DATA
■ ■ ■

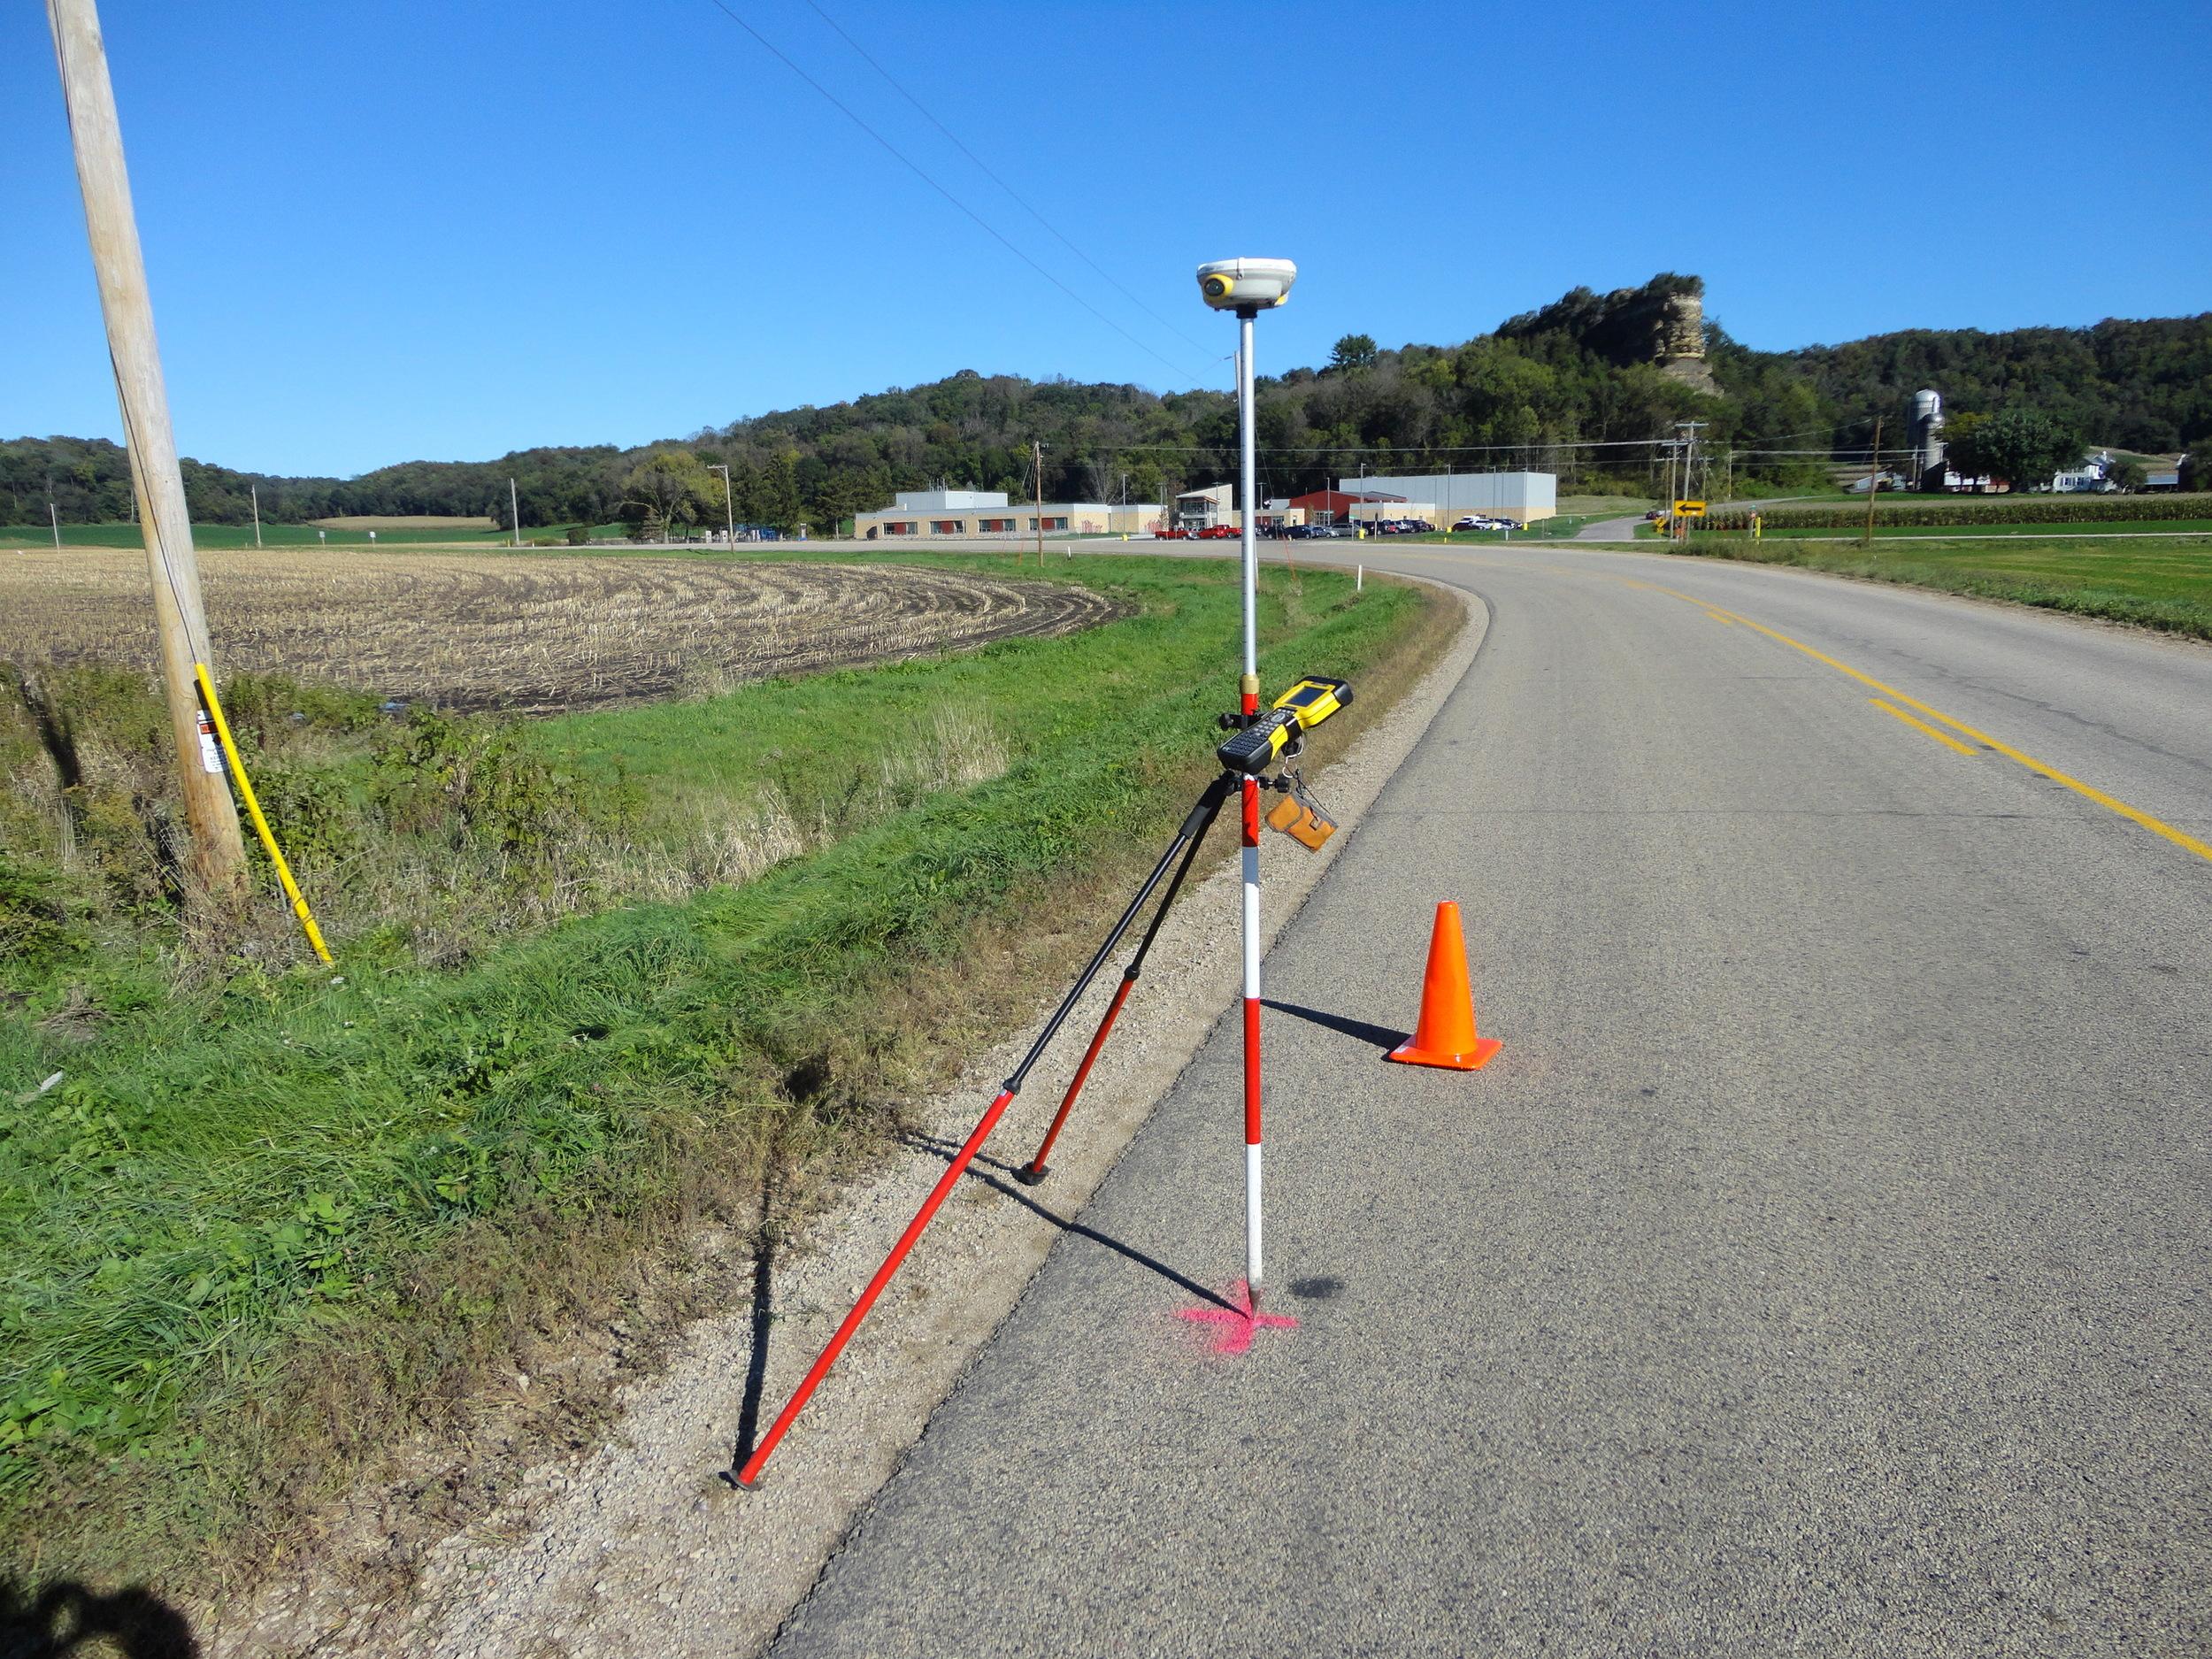 Land surveying example
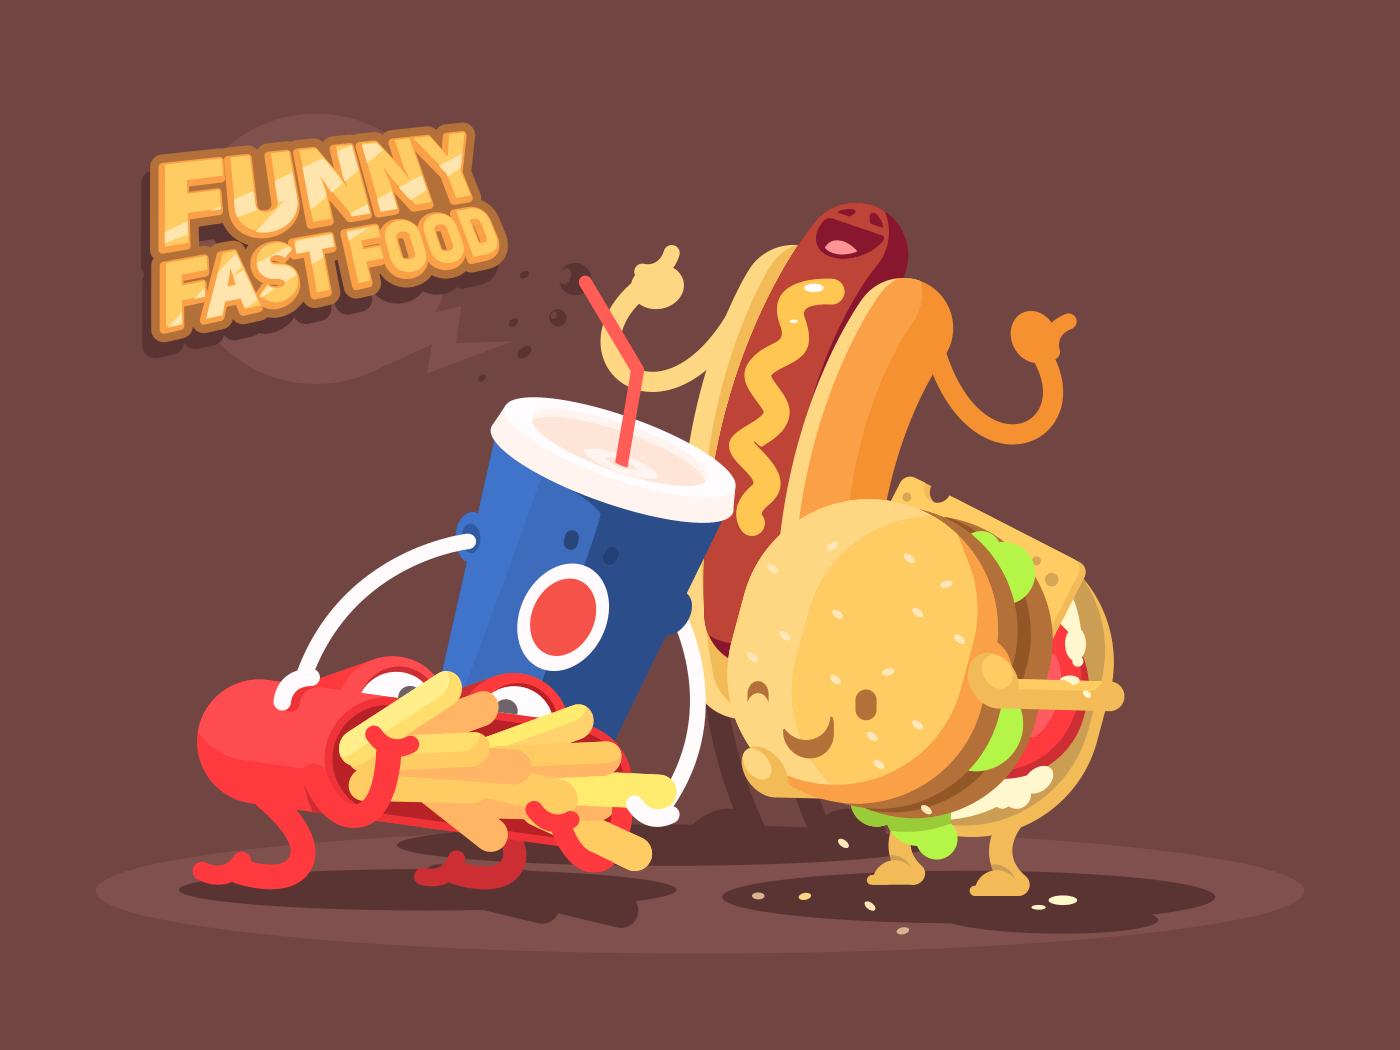 Funny fast food illustration
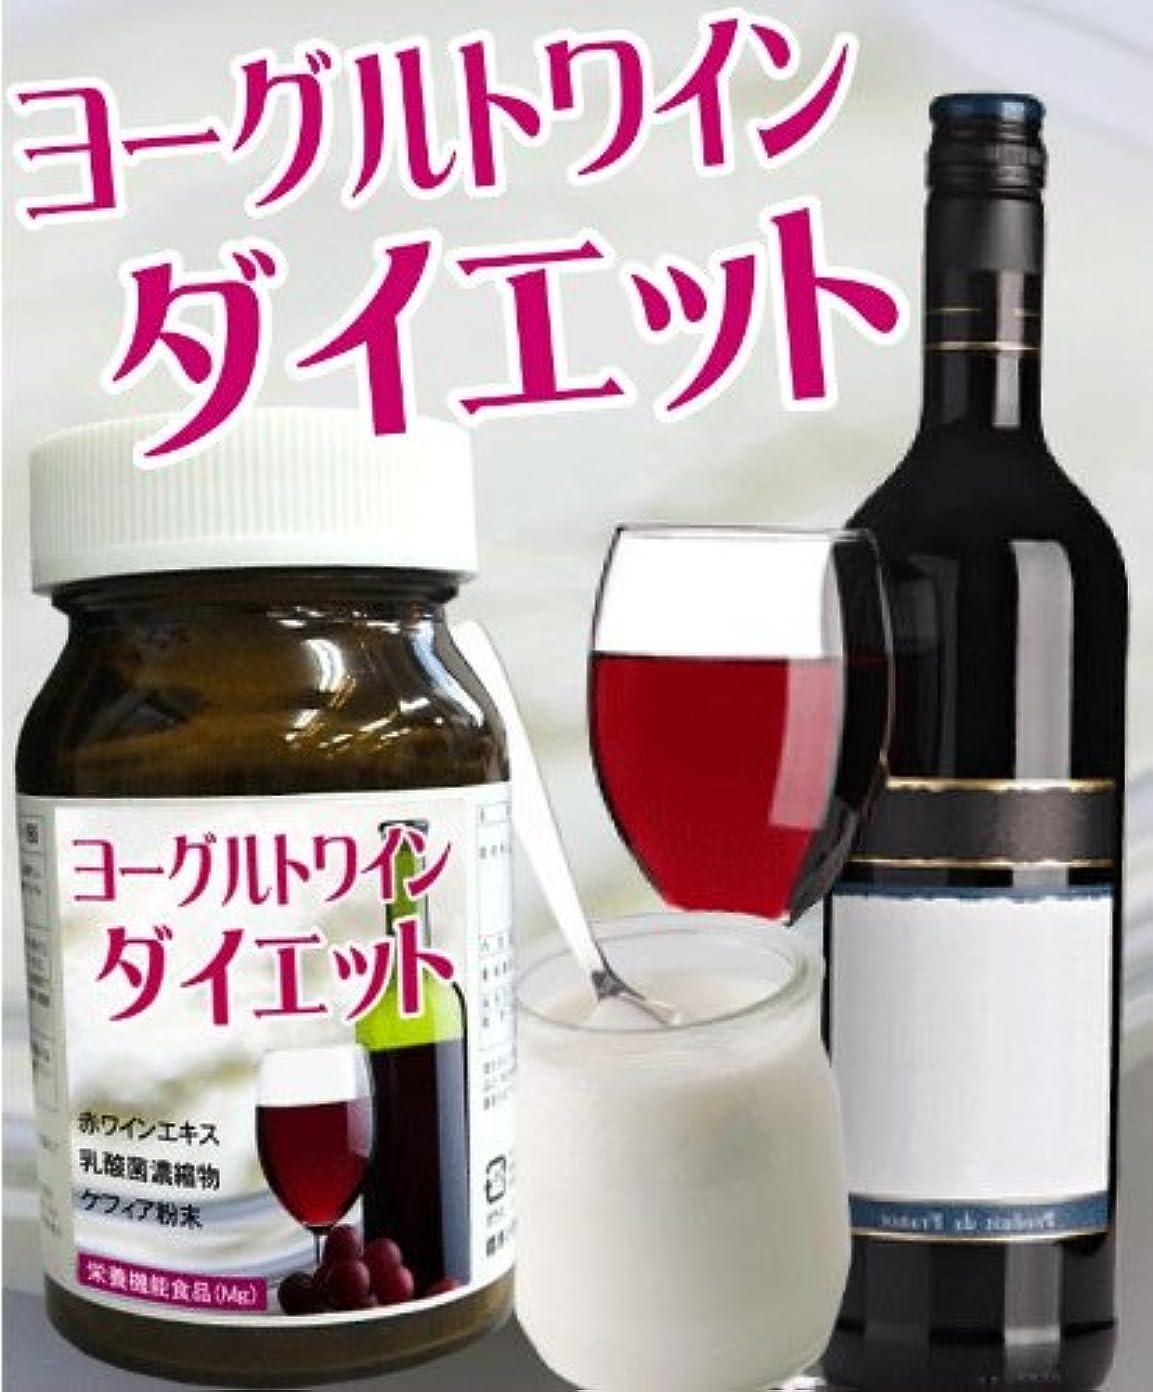 ディプロマ唇遺棄されたヨーグルトワインダイエット 3個セット

■ ■ ■

DESCRIPTION OF THE TASK
No picture is to be included when the lines from the one containing "Funny fast food illustration" through the end of the material above are output exactly; nothing else is written.

RESPONSE
 Funny fast food illustration
 ディプロマ唇遺棄されたヨーグルトワインダイエット 3個セット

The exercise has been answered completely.